Before the United States House of Representatives, Committee on Financial Services, Hearing on Monetary Policy and the State of the Economy, July 18, 2012
Mr. Chairman, I thank you for calling this hearing today on monetary policy and the state of the economy. For the past few years the Federal Reserve has received criticism from all sides of the political spectrum, and rightly so, for its unprecedented intervention into the economy and its bailouts of large Wall Street banks and foreign central banks. Yet this criticism risks losing sight of the most insidious result of the Fed's actions, which is to enable the growth of government.
For nearly the first 40 years of its existence, the Fed operated as an adjunct of the Treasury Department, tasked with purchasing government debt in order to keep the government's borrowing costs low. Even after gaining its vaunted "independence" from Treasury in 1951, the Fed never shrank from enabling the growth of government.

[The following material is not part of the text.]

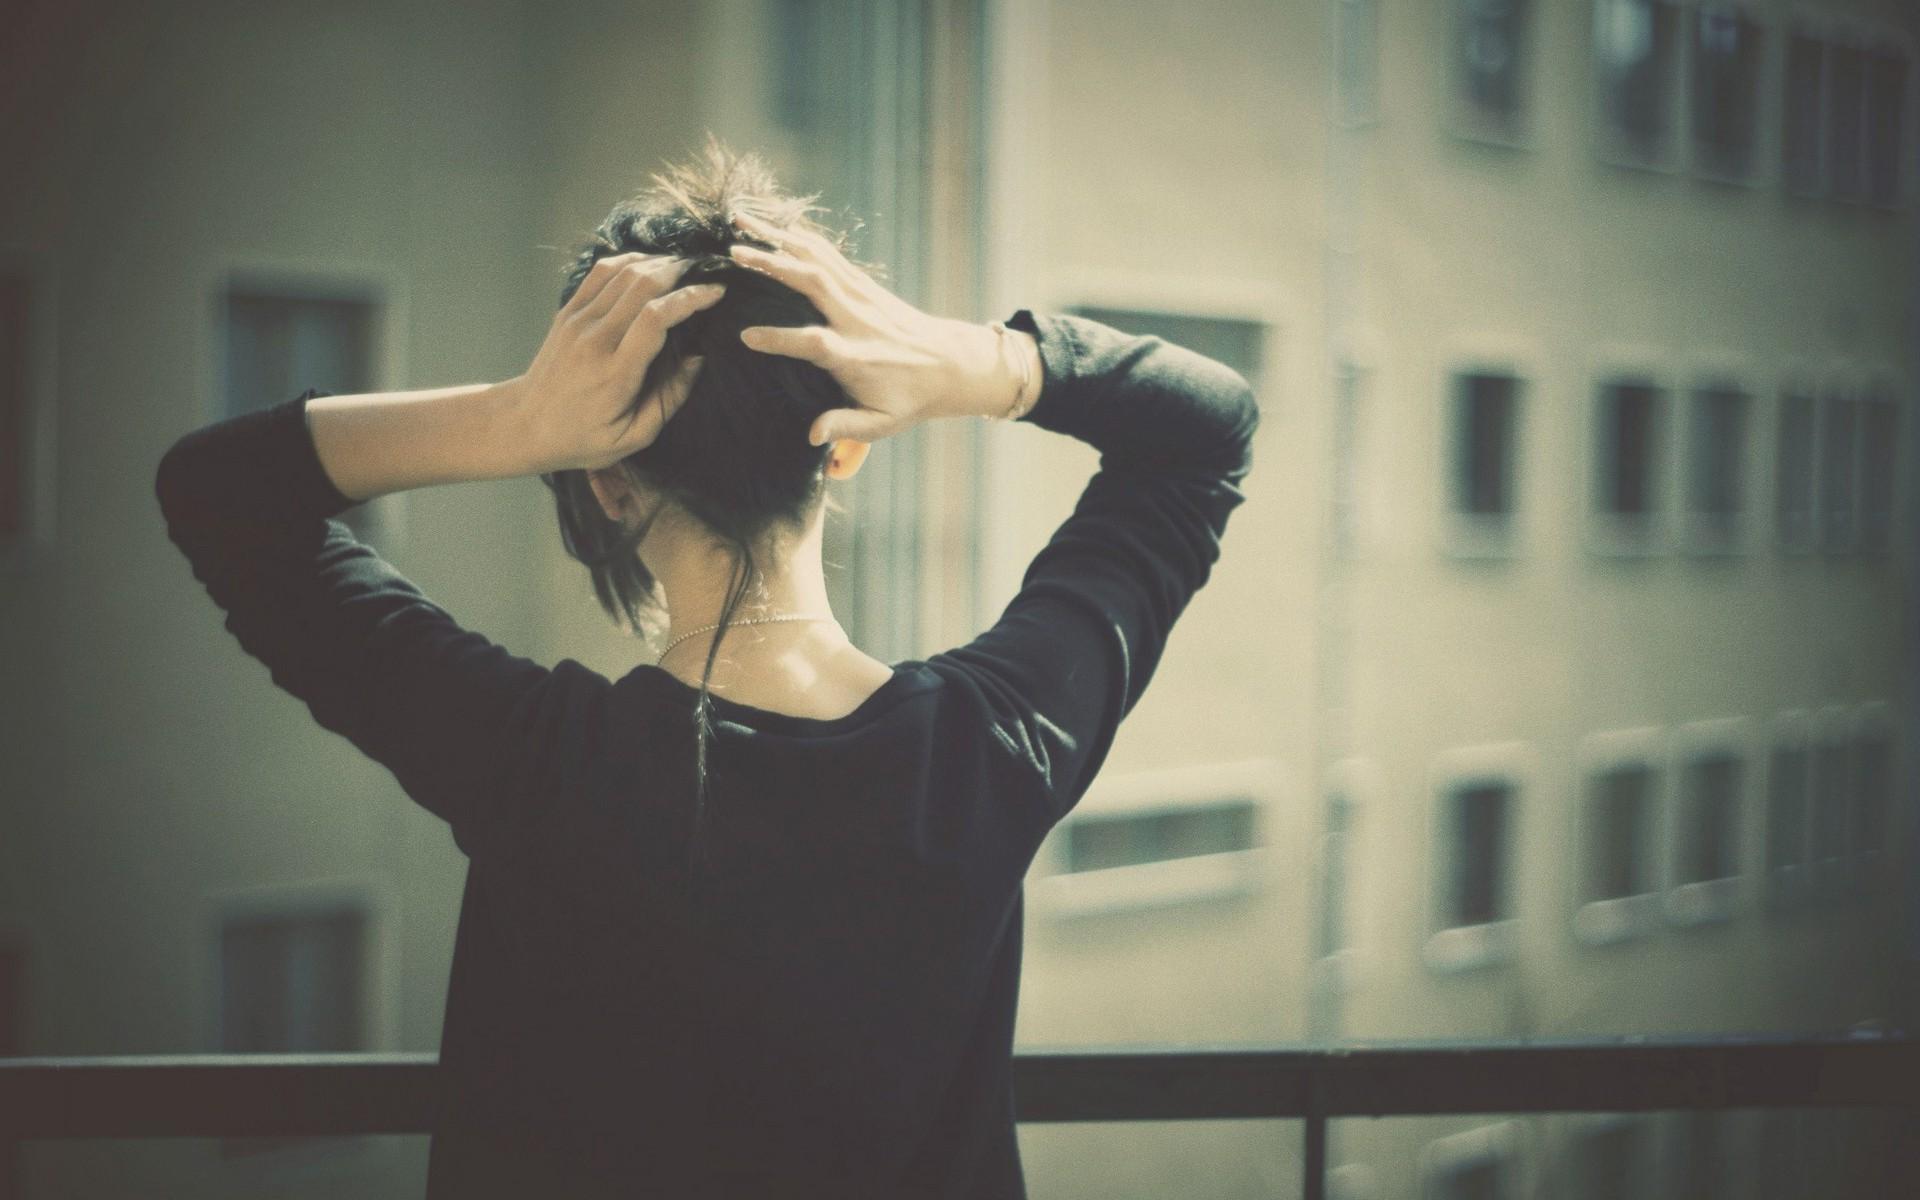 Девушка брюнетка размытое фото на аву
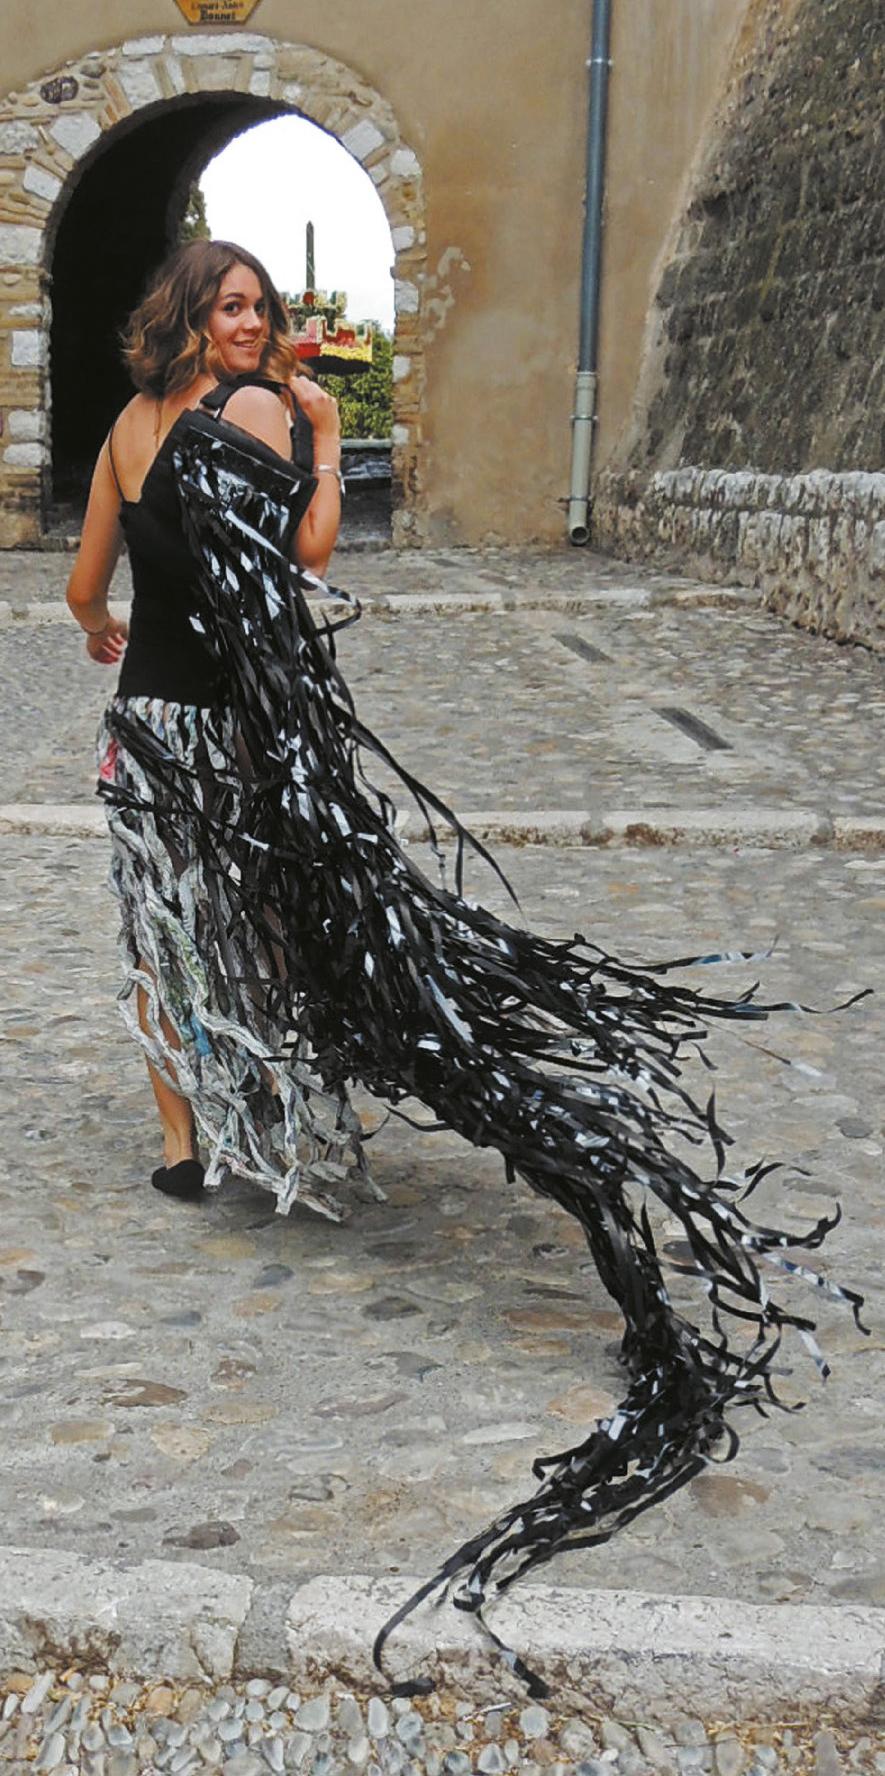 Matteoda Jacqueline (1943) Robe noire - Paper sculpture -

The extraordinary monetary policy of the last four years has reaffirmed that the Fed, its protestations to the contrary notwithstanding, is only too willing to enable growing government spending and massive fiscal deficits.
For centuries, banks have received special privileges from government in exchange for funding the government's wars. The creation of the Federal Reserve System in 1913 formalized and centralized this arrangement in the United States. From the very beginning, the Fed was intended to provide a more liquid market for federal government debt, enabling the growth of big government.
What we’ve seen over the last century is nothing less than the remaking of American government, thanks in large part to the Fed. Its loose monetary policy gave rise to: (i) the welfare state, encouraging dependency on government largesse and destroying the work ethic and family life of lower-income Americans; (ii) the warfare state, allowing the U.S. government to involve itself in wars of aggression around the world; and (iii) the regulatory state, the mammoth bureaucracy that relentlessly grinds away at the rights of the American people.
Little more than a decade ago, Fed economists were wringing their hands over the prospect that the federal government might pay off the national debt. Nothing could be worse for the Fed, because the Fed's monetary policy operations require the existence of government debt. Treasury debt is purchased from or sold to banks on the open market in order to influence interest rates. Without government debt, the Fed would have no idea how to conduct monetary policy. From a free market perspective this would be wonderful, as it is Fed monetary policy which largely creates the booms and busts of the business cycle. Unfortunately, the federal government has run up the national debt to unprecedented levels over the past decade, and the Federal Reserve has been right there, monetizing that debt to ensure that none of it goes unsold.
While the desire of foreign countries and private investors to purchase Treasuries was drying up, the Federal Reserve was only too willing to step in and enable the government to continue its deficit spending. The Fed's balance sheet exploded as it purchased over one trillion dollars in Treasury debt over the past few years. And before it did that, the Fed also purchased over a trillion dollars of overrated mortgage-backed securities from Wall Street banks, giving those banks the cash they needed to purchase Treasury debt of their own. Were it not for the Federal Reserve's actions, the federal government would not have been able to run trillion-dollar deficits for the past several years.
In fact, had the Federal Reserve never been created, the federal government never would have been able to run up a $16 trillion debt. No market actor would lend money to such a major debtor at such low interest rates. The only reason that banks are willing to buy Treasury debt at such low interest rates is because they can easily resell that debt to the Fed.
Without the Fed, interest rates would rise to such levels that the federal government would have no choice but to curtail its expenditures and focus only on doing what is truly necessary. With market discipline allowed to prevail, the size of the federal government would be drastically smaller. If Congress were really serious about limiting the size of government, it would eliminate the most important enabler of government profligacy by ending the Fed.